• "Coffee Rumba"

    小林泉美

    2017.07.11

    Country:Japan

    Format:LP

    Year:1982

    Label:Kitty Records


    コーヒー・ルンバといえば、同世代の日本人なら荻野目洋子か井上陽水あたり、もう少し深いところでロジック・システムがリフレインするところかと思いますが、もともとこの曲、ラテンアメリカの民族音楽いわゆるフォルクローレ発祥で、60年代に民族弦楽器アルパ奏者Hugo Blancoの演奏によって世界的に広まったそうです。80年代に入りスペインのちょいワル国民的シンガーJulio Iglesiasによるカヴァーがリリースされると、ここ日本でもリヴァイバルが起こり、インスト、日本語、ライブと、ピンからキリまで色々なヴァージョンが生まれます。

    本作はそのカヴァー競作ブームの中で、メインストリームに認知されなかった知られざるコーヒー・ルンバのひとつで、シンガーソングライター小林泉美による82年のLP作品「夏・NUTS・夏」にひっそりと収録されています。

    もともとアニメソングのコンポーザーとして活動していた小林泉美でしたが、80年代、スタジオ・ミュージシャンらで構成されていたジャパニーズ・フュージョン・シーンに接近し、高中正義バンドやT-SQUAREなどとともに本格的な音楽キャリアを積み、90年代に入るとエレクトリックミュージックへと舵を切り、なんとAphex TwinのRichard D James率いる個性派牙城Rephlex Recordsからリリースオファーを受けるに至っています(結局色々あってリリースはなかったようですが)。
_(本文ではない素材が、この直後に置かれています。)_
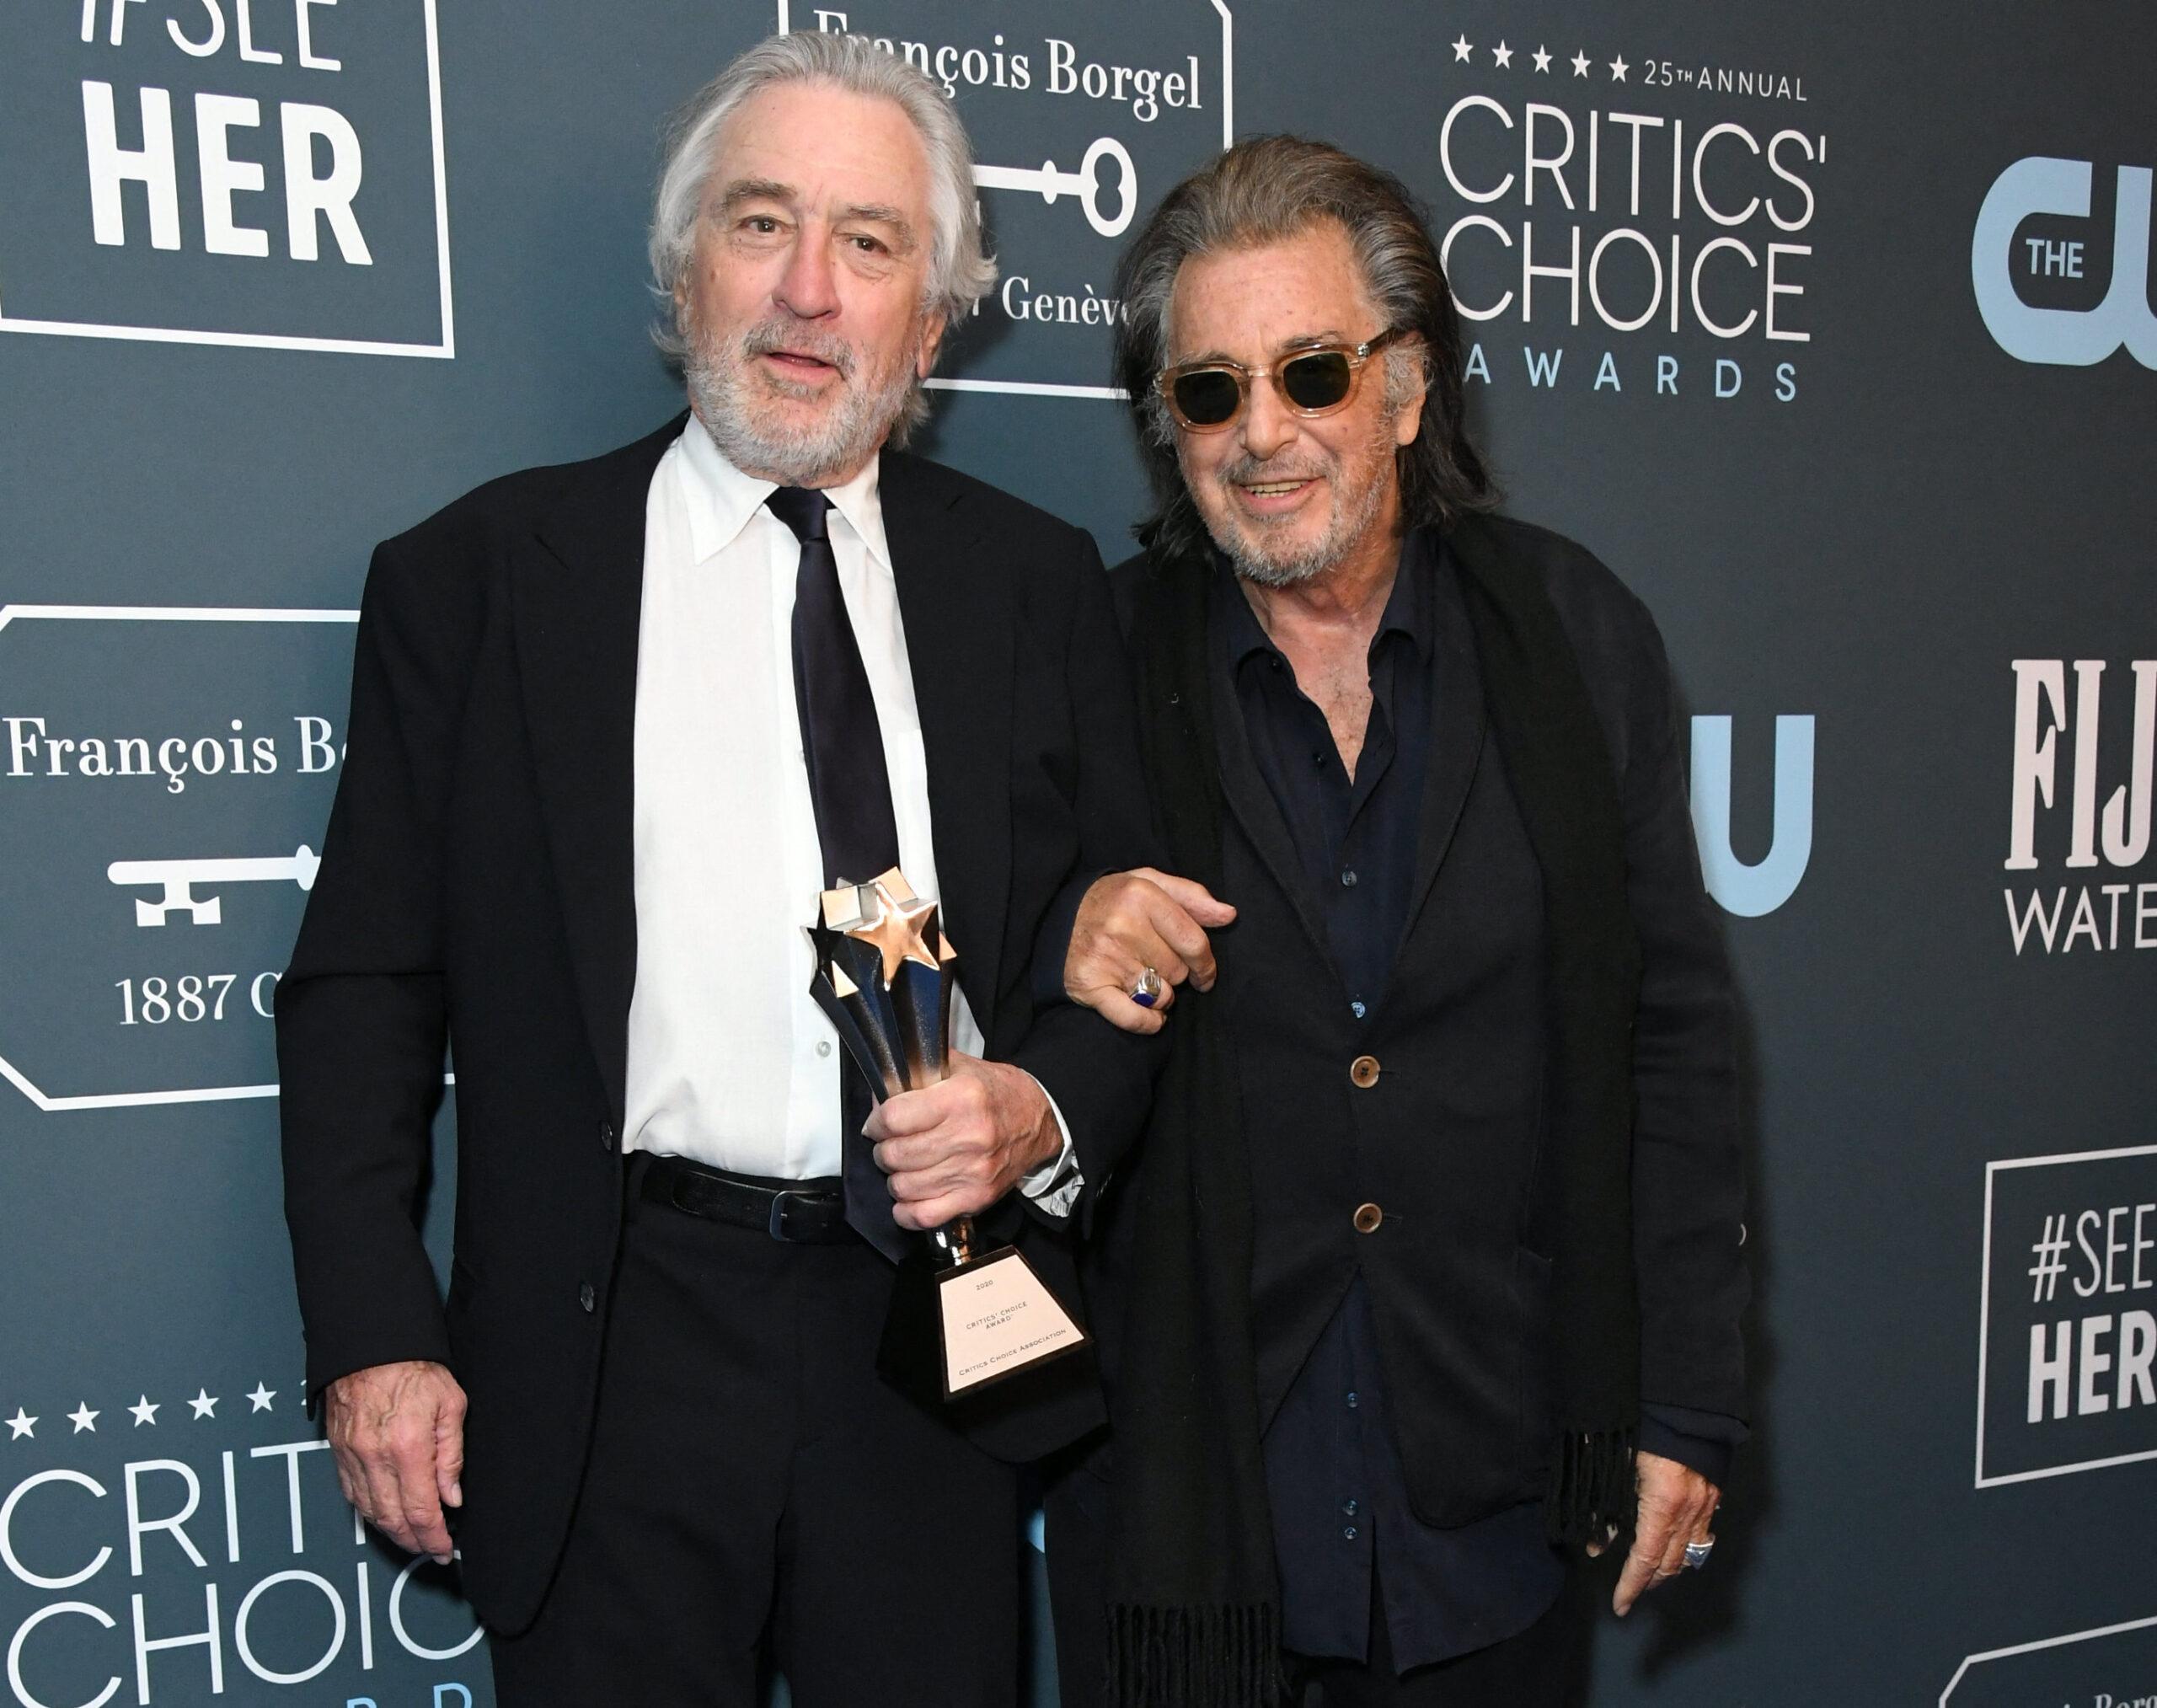 Robert De Niro & Al Pacino at the 25th Annual Critici's Choice Awards

そんな小林泉美のキャリア中期にあたる82年のLP作品「夏・NUTS・夏」には、清水靖晃、笹路正徳、土方隆行の「マライア・プロジェクト / MARIAH」の渡辺モリオや高橋ゲタ夫、布袋寅泰ら国内最高の技巧派が参加し、アフリカンからハワイアン〜カリプソといったオーガニックでゴキゲンなワールドテイストに、ニューウェーヴ的退廃感がどろりと混濁した個性的な折衷ポストパンク楽曲がプロデュースされています。むき出しのリズムボックスによるスカスカなシーケンスの隙間をキュートなアニメ声で縫い上げたコーヒー・ルンバ史上最も実験的な本作は、その中で、その後テクノへと傾倒してゆく小林泉美の未来の一端を垣間見せるかのような佇まいで収録されています。